The synths in the EA1 are based around the analogue modelling technology used in Korg's Z1, and in this incarnation are laid out in a standard VCO-VCF-VCA-EG configuration. As you can see from the features list above, they offer a reasonable arsenal of controls and parameters to play with. The frequency range of the oscillators is wide, though Osc 1's isn't as great as that of Osc 2. Strangely, in their raw state the waveforms all sound vaguely samey: the ring modulator and sync settings, on the other hand, sound as you would expect from an analogue synth, and the Decimator imposes a down-sampled, grungy edginess to the waveform.

The filter is a good approximation of an analogue low-pass type that sounds more 'Japanese' than 'American' (or more Korg/Roland than ARP/Moog). Although it can be persuaded to self-oscillate, when doing so it displays some uneven peaks and troughs while sweeping. But, all told, not a bad filter.

korg_ea1_2The envelope control is a bit of a let-down, though. The Amp section isn't envelope-controllable at all -- it's either on or off -- and the filter control is severely limited, offering just an EG Int knob (envelope depth) with a centre null/off position and negative control to the left and positive to the right. This is coupled with a simple Decay control, and although there's no attack control one can be approximated using negative depth values with longer decay settings. Because there is no Amp envelope control, however, there is always a slight blip at the front of the sound.

The EA1's distortion is another on/off effect and works well enough, though it could hardly be described as subtle. There are, however, some redeeming features in the rest of the effects section. The Chorus/Flanger effect is basic, with only two controls, but sounds fine. The Depth parameter both controls the depth of the effect and introduces feedback at the higher settings, while the Time control (or speed in this case) ranges from the very slow to the ridiculously fast (0.2Hz-5kHz) -- which is actually fast enough produce audio-frequency (and hence audible) oscillation. As you can imagine, at the higher speeds this produces some beautifully crazed and over-the-top manipulations.
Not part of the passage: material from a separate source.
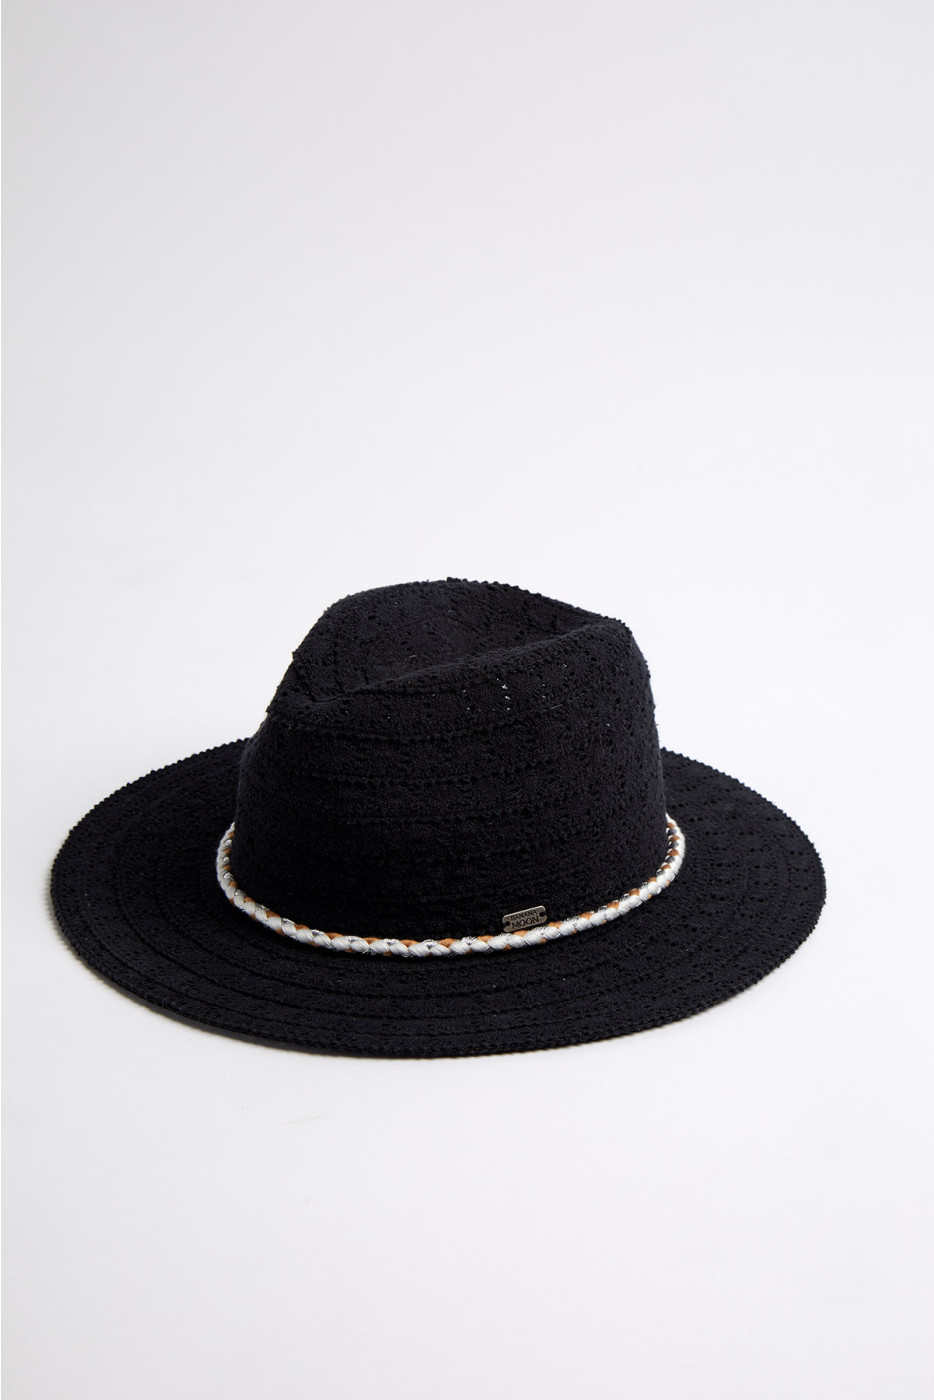 Avila Hatsy black hat

The other principal effect is Tempo Delay. Again, Depth controls two parameters (delay depth and feedback); with the Time knob set to minimum, the effect is like a flanger, while its maximum setting produces delays of a second or more. As the delay is synchronised to the pattern tempo the delay times will vary in accordance with the pattern speed, so at high tempos the maximum delay available will be shorter than at slower speeds. It's worth noting that because each synth has its own effects section some wonderfully syncopated bouncing echoes can be programmed.